Claru's egocentric workshop dataset captures skilled craftspeople performing genuine tasks in 20+ workshop types: woodworking, metalworking, automotive repair, electronics assembly, 3D printing labs, CNC shops, welding shops, upholstery studios, bicycle repair, plumbing workshops, HVAC service, appliance repair, jewelry making, ceramics studios, glass blowing, leather working, and general maker-spaces. This breadth is critical because tool-use skills transfer between domains -- a robot that learns proper screwdriver technique in electronics assembly can generalize to furniture assembly if the training data captures sufficient tool diversity.

Research from CoRL 2023 and RSS 2024 shows that tool-use policies trained on diverse egocentric demonstration data exhibit 40-60% better cross-task generalization compared to policies trained in simulation or on single-workshop data, because real-world tool use involves material-dependent feedback (the resistance of hardwood vs. softwood, the yield point of different metals) that simulation cannot faithfully reproduce.

Sensor Configuration and Collection Methodology

Collection uses head-mounted GoPro HERO12 cameras with protective housings rated for workshop environments (impact-resistant polycarbonate with anti-fog ventilation). Depth from co-mounted Intel RealSense D455 provides aligned RGB-D at the 0.2-1.5m working distance typical for bench and machine work. For environments with excessive vibration (machine shops during cutting operations), a secondary body-mounted IMU (Xsens MTi-630) provides supplementary motion data for vibration rejection in post-processing.

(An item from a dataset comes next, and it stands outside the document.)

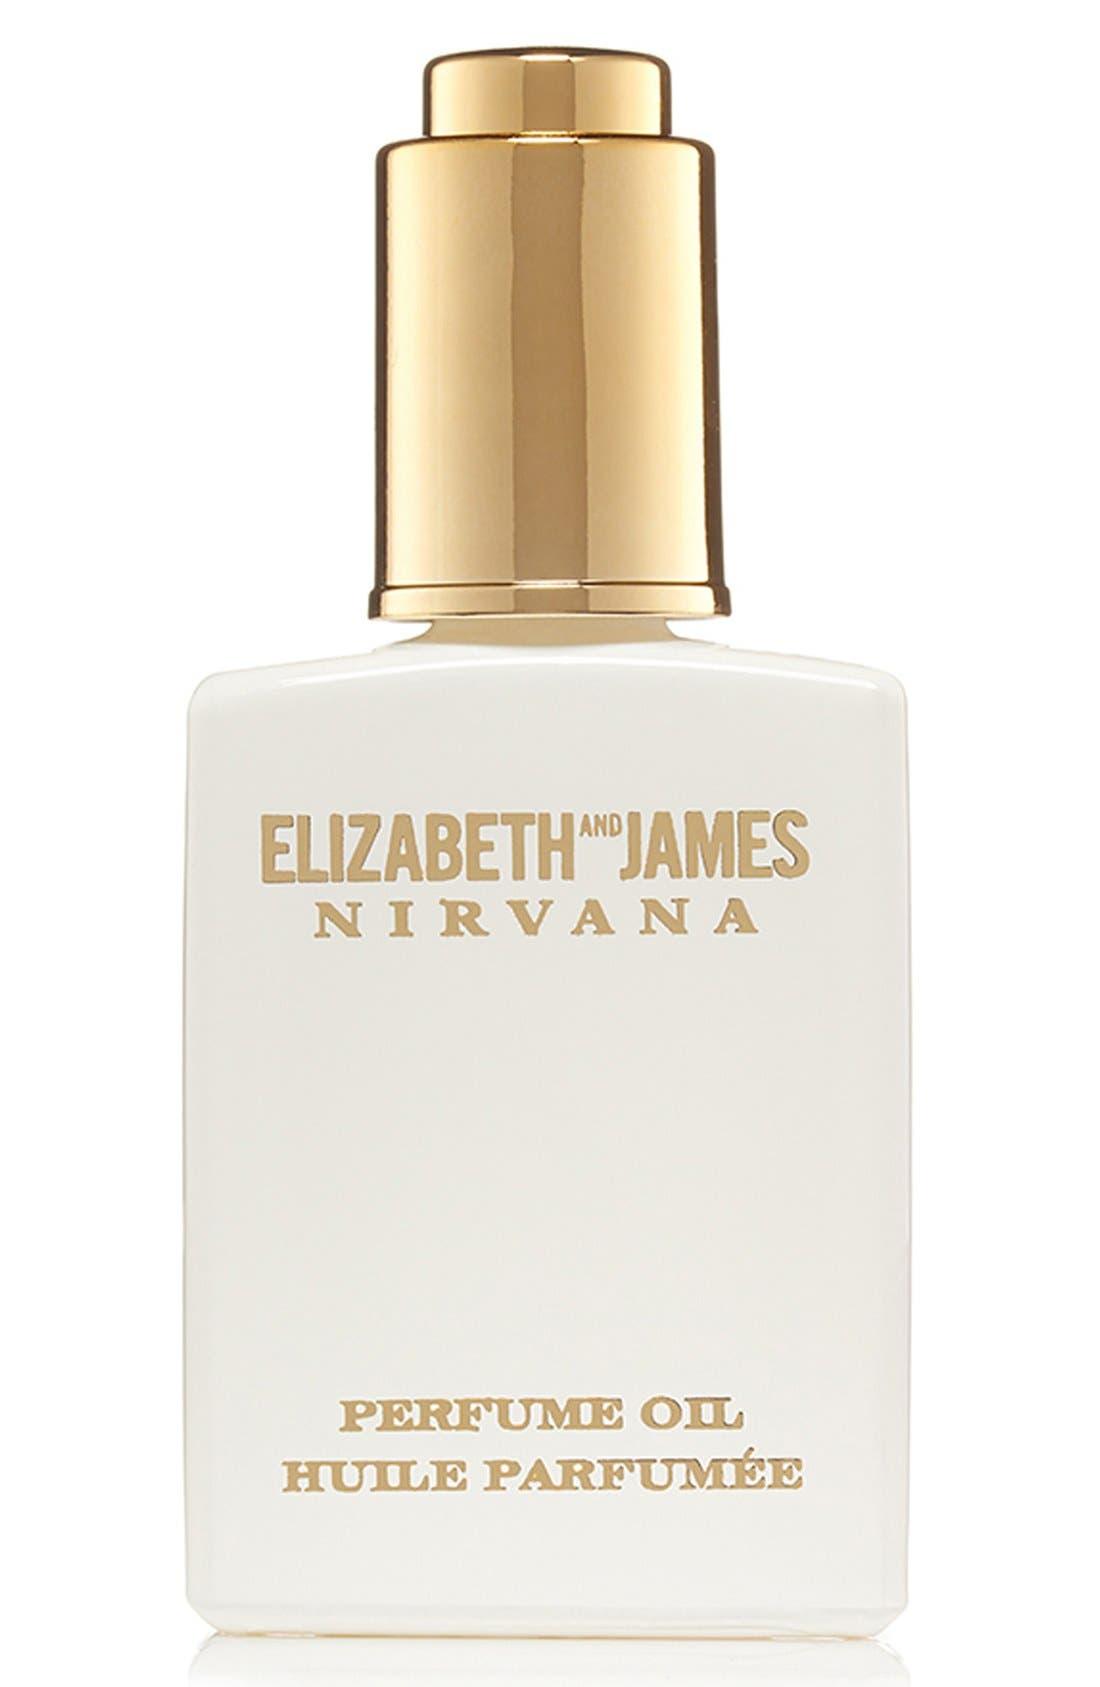 Elizabeth and James 'Nirvana White' Perfume Oil
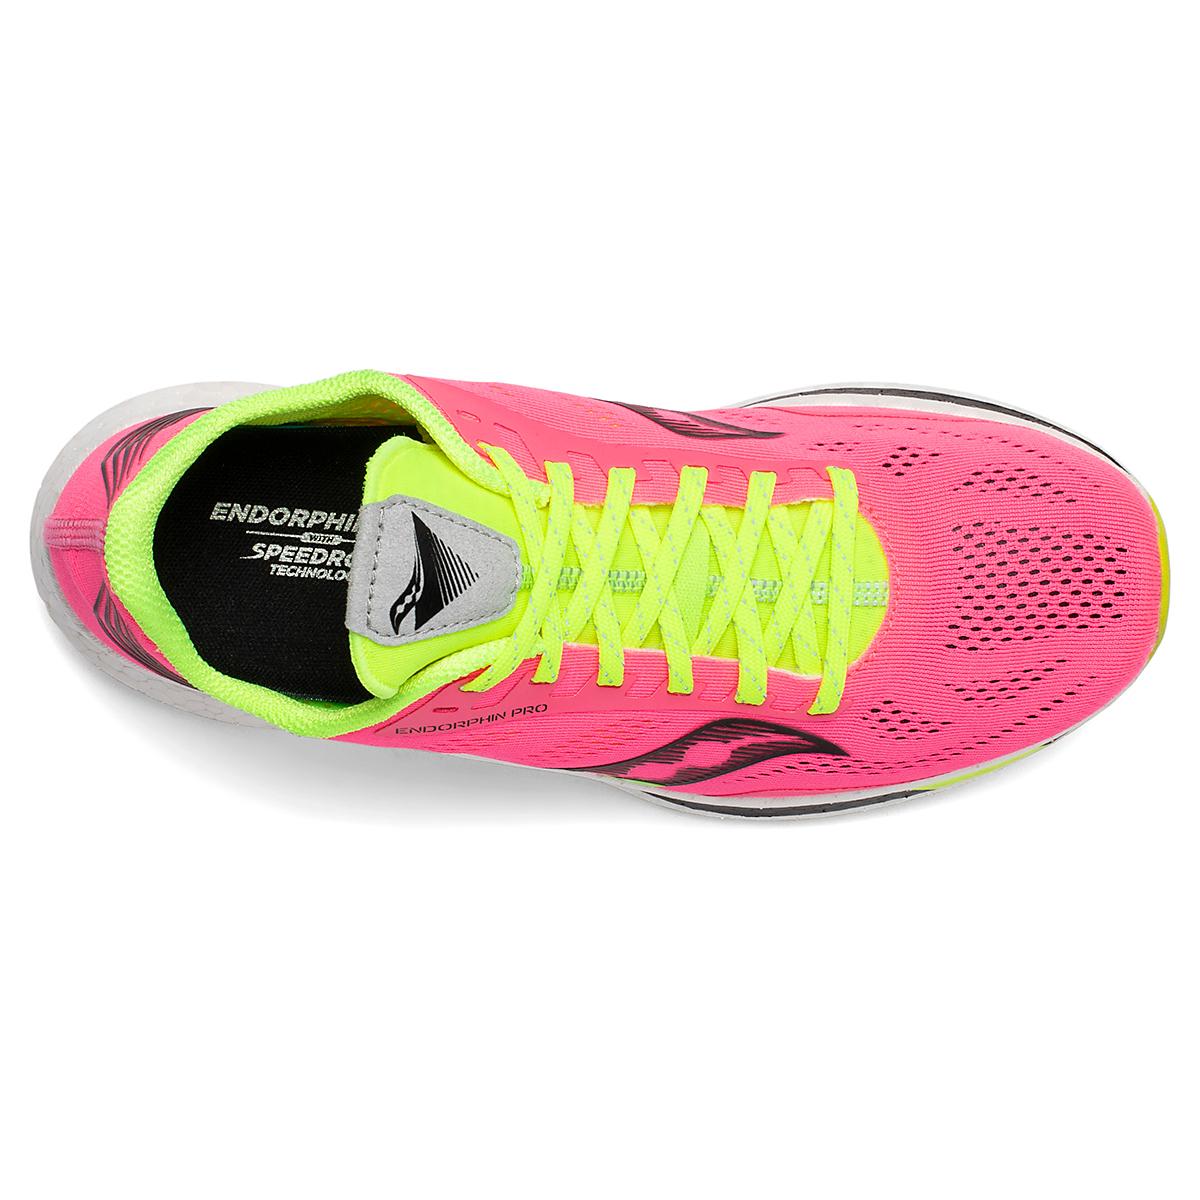 Women's Saucony VIZIPRO Speed Endorphin Pro Running Shoe - Color: Vizi Pink - Size: 5 - Width: Regular, Vizi Pink, large, image 3

Collectors are experienced craftspeople, technicians, and tradespeople performing genuine workshop tasks on real projects. Sessions last 45-90 minutes and cover complete task sequences: a full woodworking joint (measuring, marking, cutting, fitting, gluing, clamping), a complete electronic circuit assembly (component placement, soldering, inspection, testing), or an automotive brake job (disassembly, inspection, component swap, reassembly, bleeding, testing). This ensures the data captures the full decision chain, including the inspection and verification steps that distinguish skilled work from novice attempts.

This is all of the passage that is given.